Adam Beardsworth
One of things Dr. Adam Beardsworth enjoys about working Grenfell Campus is the emphasis on the value of creative activity.
He explained that the distinction between academic writing and creative writing "has always been hard for me to reconcile."
"I am fortunate to work at an institution that recognizes the importance of creative work," he said. "I've always written creatively, though there have been long periods where creative work has been subordinate to academic projects."
Dr. Beardsworth's research focuses on how writers, primarily poets from post-WWII to the present, respond both directly and indirectly to moments of political crisis.
"Poets are good at gauging affective climates, and their work often reveals, for instance, the underlying anxieties of the conformist 1950s, the biopolitical repercussions of the Trump era's rhetoric of threat, or the terror and guilt of climate change," he said. "I'm more interested in how poetry voices the impact of such moments on the individual, and how these moments shape - or interpellate - individuals as subjects under neoliberalism, than I am in exploring more public poetic voices. So I like reading the anxiety of the mundane lyric."
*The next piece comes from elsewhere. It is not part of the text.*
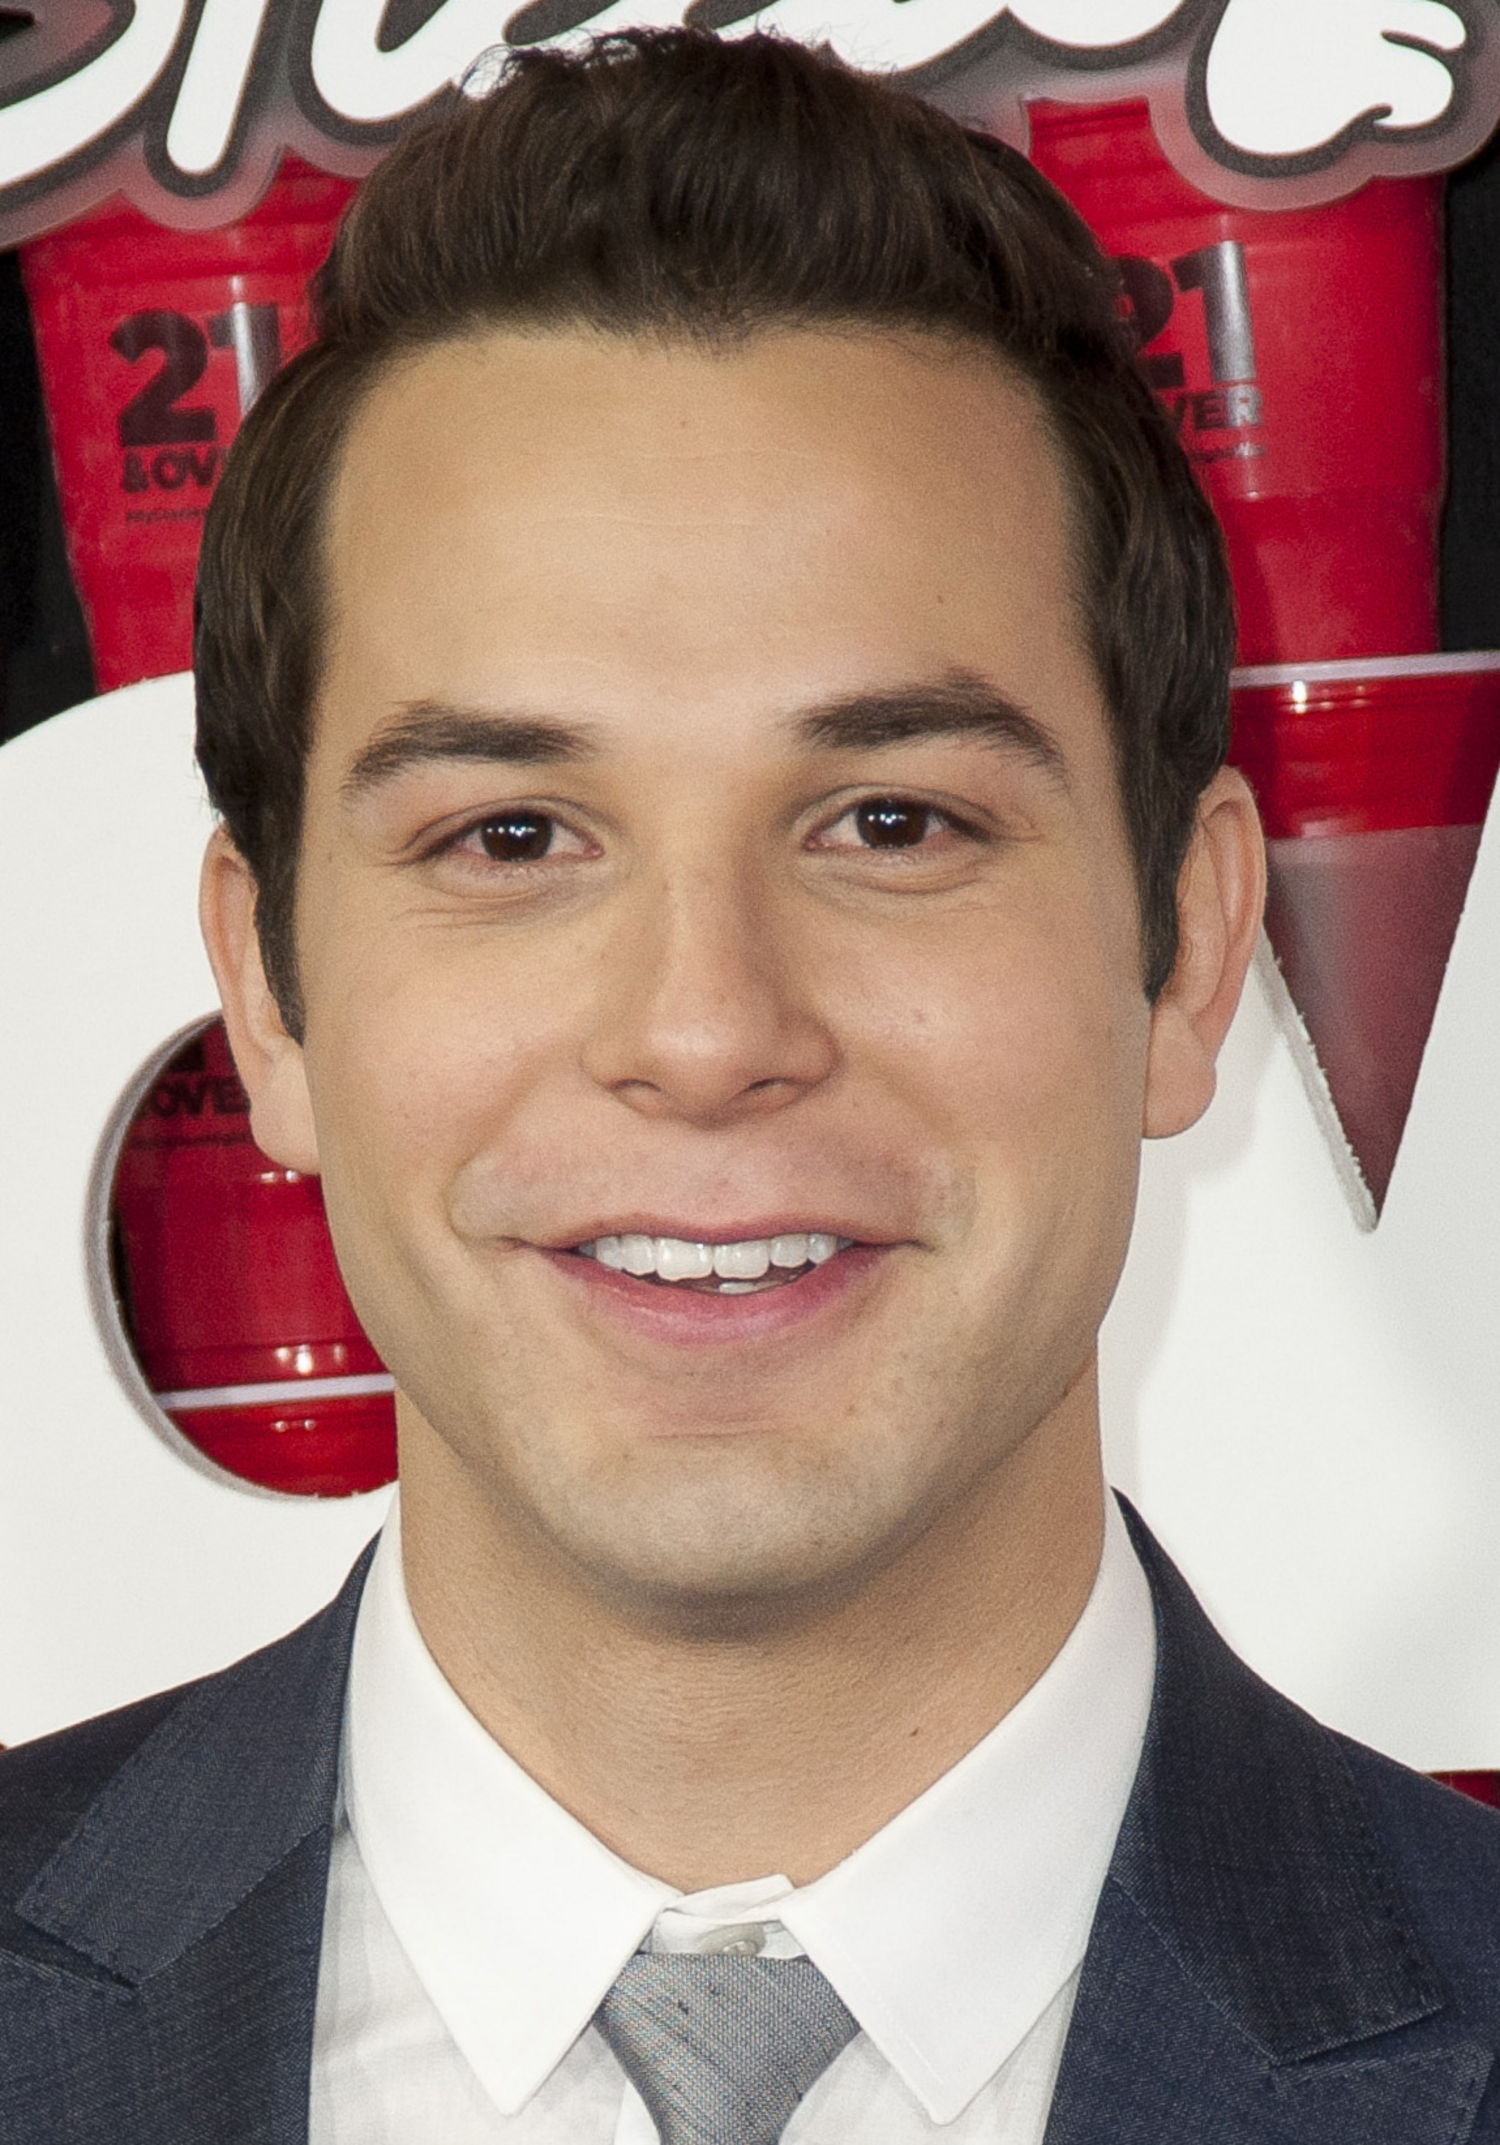 Skylar Astin: Pitch Perfect: The Quest for Collegiate a Cappella Glory, Book by Mickey Rapkin - the base for the American musical comedy film with Skylar. 1500x2150 HD Wallpaper.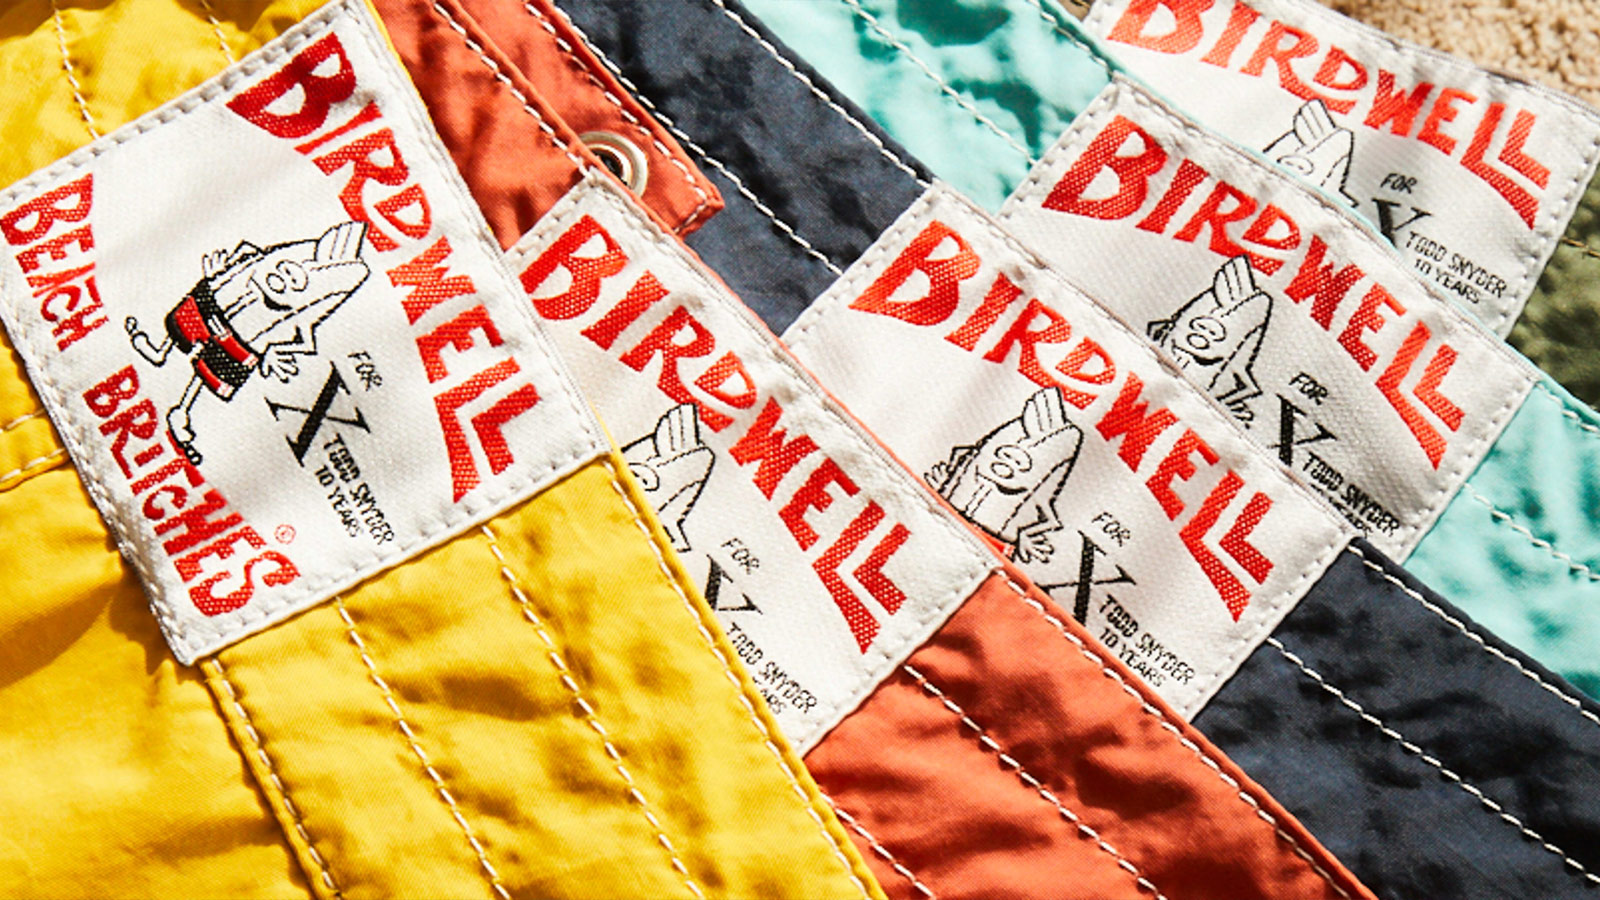 Todd Snyder x Birdwell Stone-Washed Swim Capsule Collection

When it comes to his creative work, Dr. Beardworth published three poems in 2019. Two were published in the Antigonish Review, which was founded in 1970 and is one of Canada's oldest literary quarterlies:
The third poem, "Big Stop, Aulac, NB," was published by Hamilton Arts and Letters and is featured below.
While in the past Dr. Beardsworth has felt there's less certainty when it comes to publishing creative work, his first sabbatical in 2018 gave him the opportunity to "pause a little and rethink my approach."
"Since then, I've devoted much more time to creative work, and have started to consider it an essential component of my scholarly activity," he said. "Grenfell English has a rich tradition of creative writing, and I’d like to be able to contribute to that tradition in some small way."
After the bars the dark would pull like a
dog on a leash, drag us to the bleak out-
skirts of town, down the steep on-ramp to the
pitch-black highway where we'd try to hitch
rides with 3am truck traffic; possessed,
I'd harangue the gods, black out stars with my
pistol finger, threaten to climb the radio
towers that webbed the Tantramar or walk
the white divided line as high beams bore down
like a hungry barn owl until you'd tug me to the
shoulder.
Once we got lucky, rode shotgun on
the bench seat of a green delivery truck, got
dumped at the Aulac Big Stop where you up-
chucked a hot turkey platter while I slid my
fingers along the steel blade of a hatchet pinched
from the hardware aisle...
I can't remember how we made it home, just waking
up, hatchet planted firmly in my headboard.